:: GIVEN DATA ::
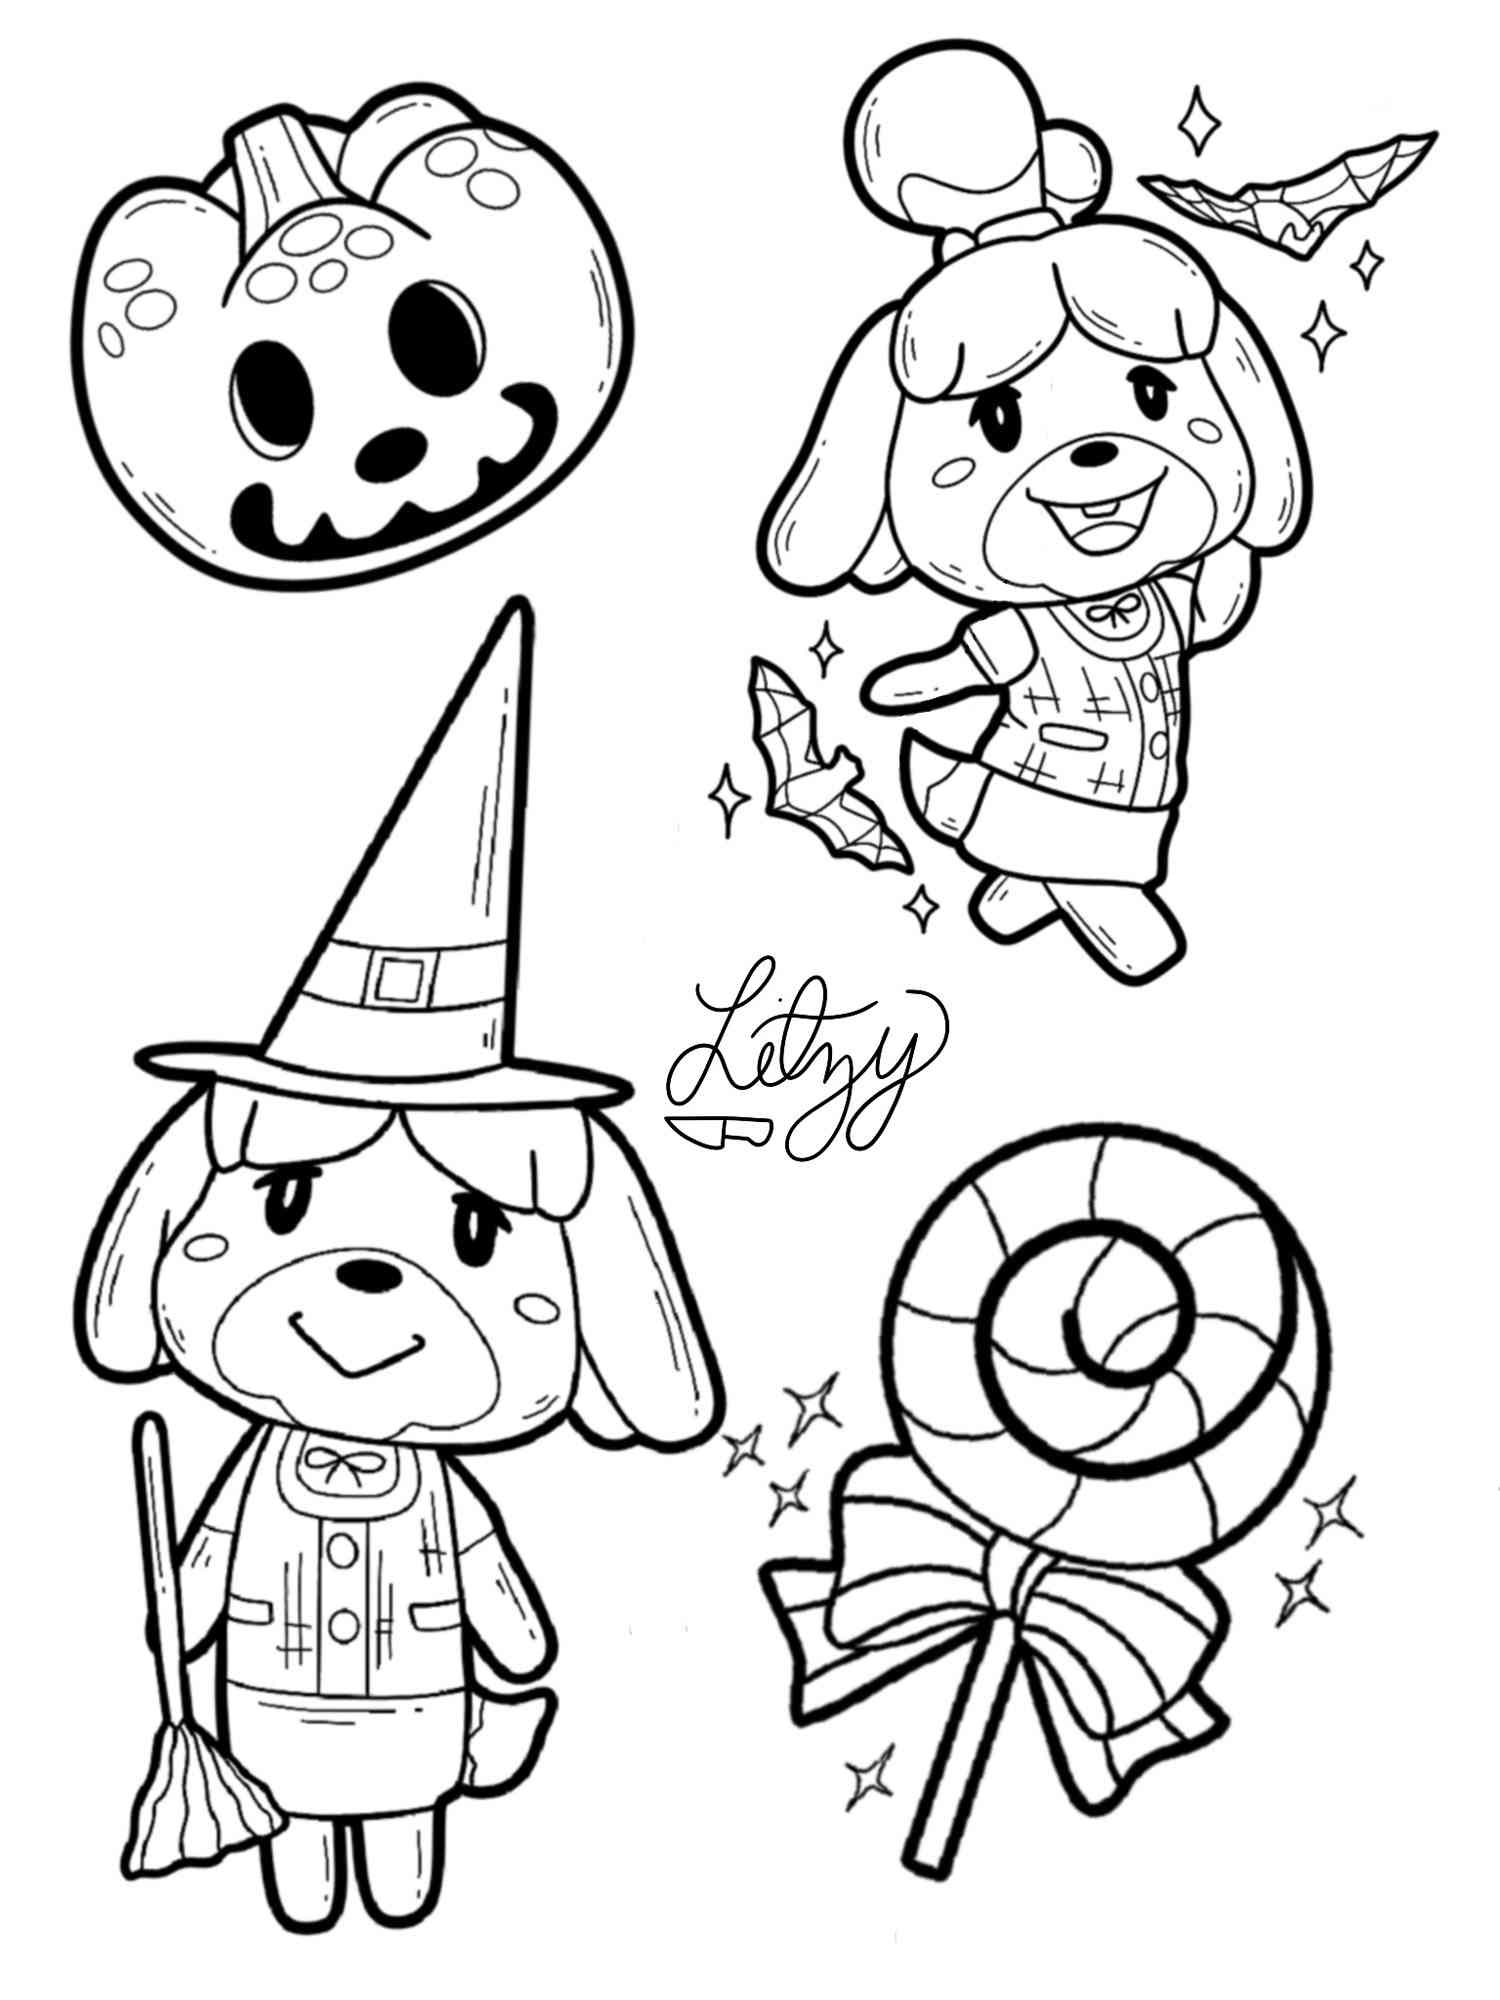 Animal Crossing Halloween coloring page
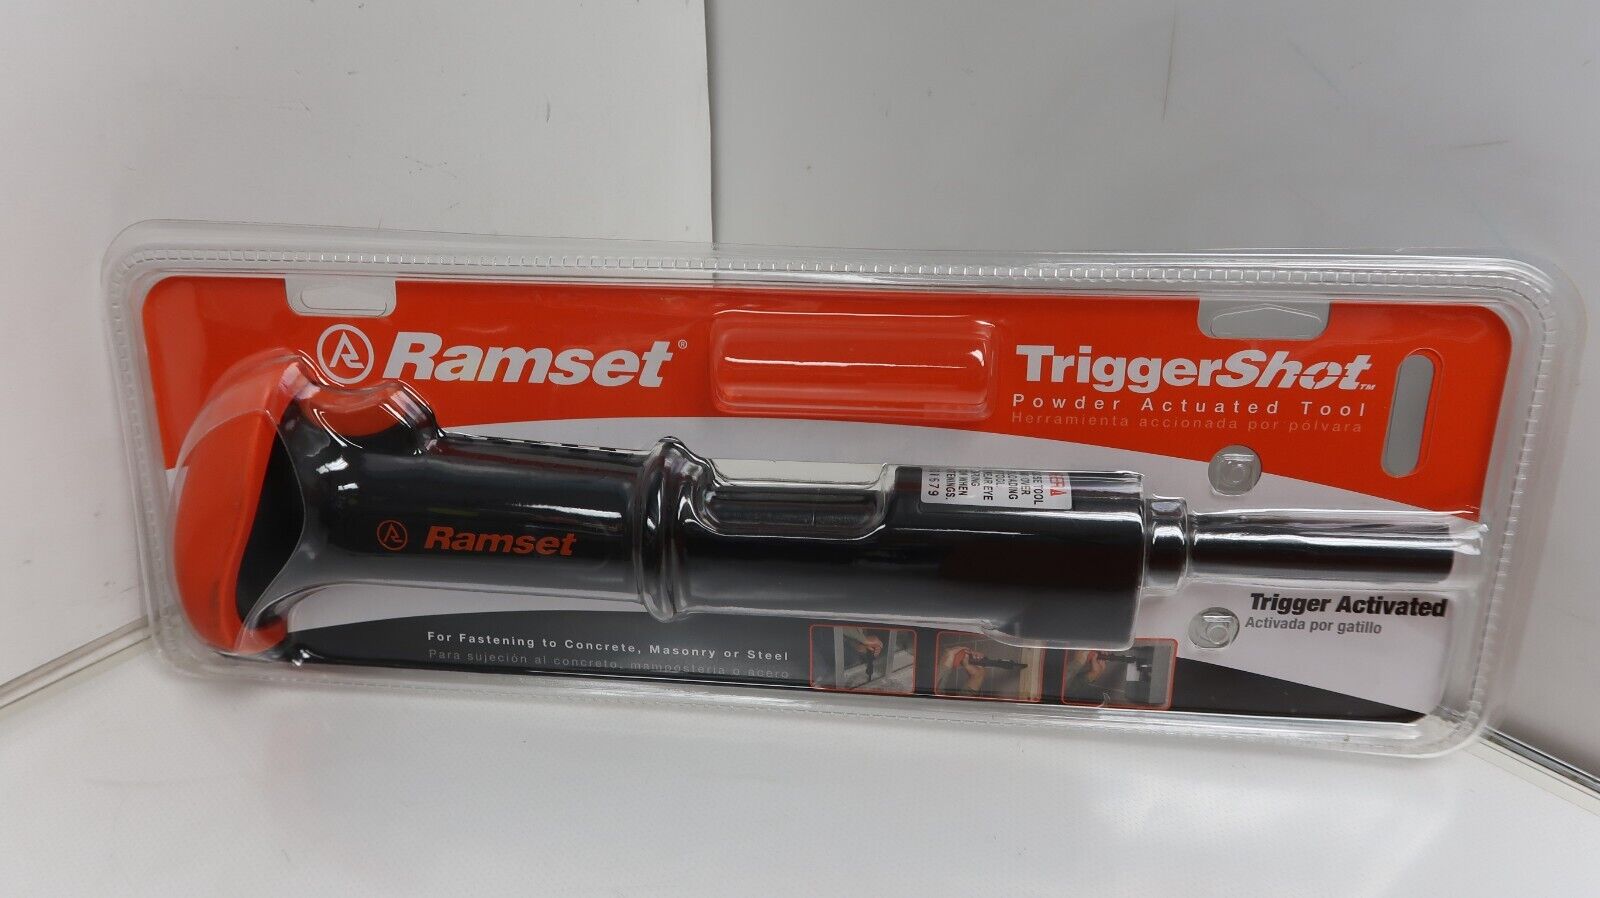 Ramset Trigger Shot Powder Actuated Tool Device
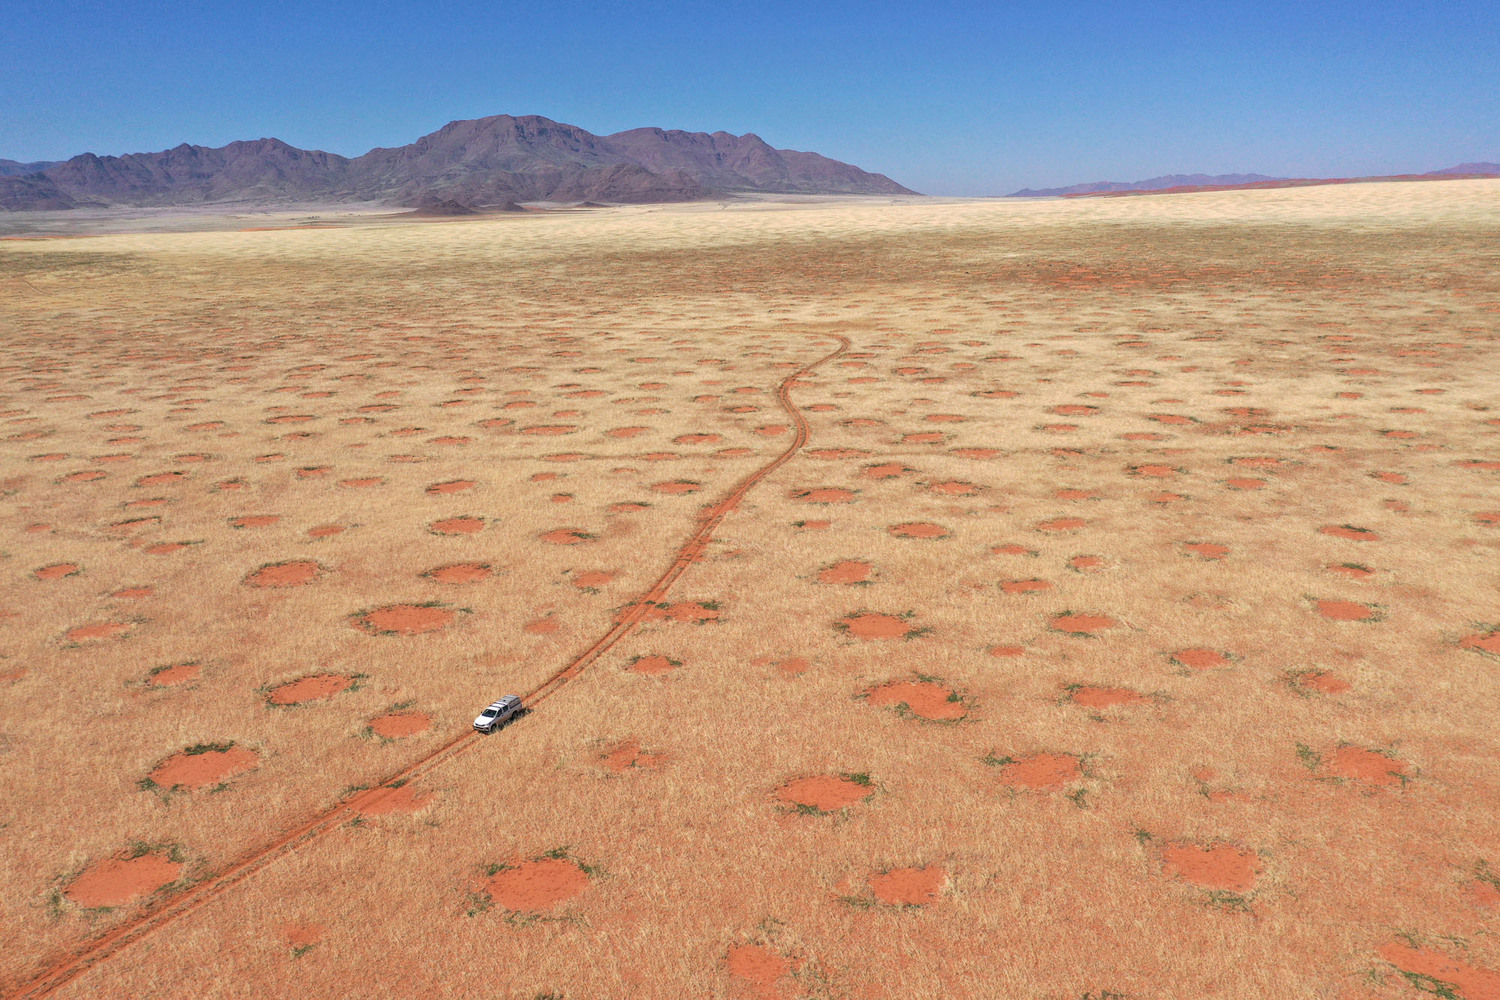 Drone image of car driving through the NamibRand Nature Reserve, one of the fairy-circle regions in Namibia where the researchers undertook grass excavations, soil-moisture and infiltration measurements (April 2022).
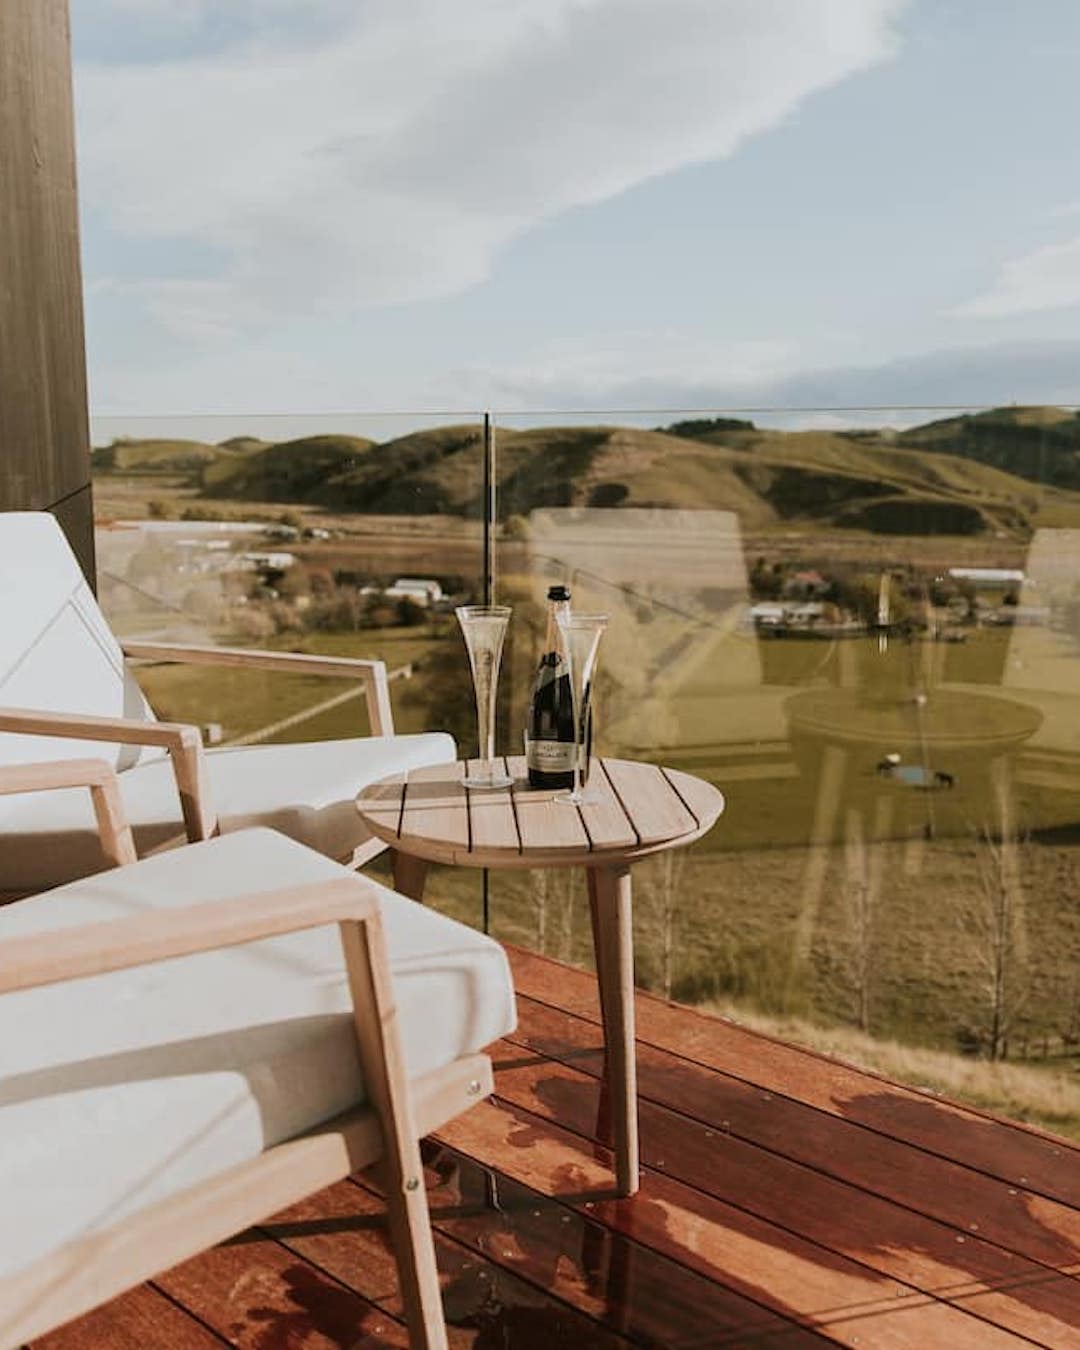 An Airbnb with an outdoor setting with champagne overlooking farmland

:: TASK DESCRIPTION ::
Give all of the material again, exactly, apart from the pictures.

:: OUTPUT OF THE EXERCISE ::
 Animal Crossing Halloween coloring page
 Ramset Trigger Shot Powder Actuated Tool Device
 Drone image of car driving through the NamibRand Nature Reserve, one of the fairy-circle regions in Namibia where the researchers undertook grass excavations, soil-moisture and infiltration measurements (April 2022).
 An Airbnb with an outdoor setting with champagne overlooking farmland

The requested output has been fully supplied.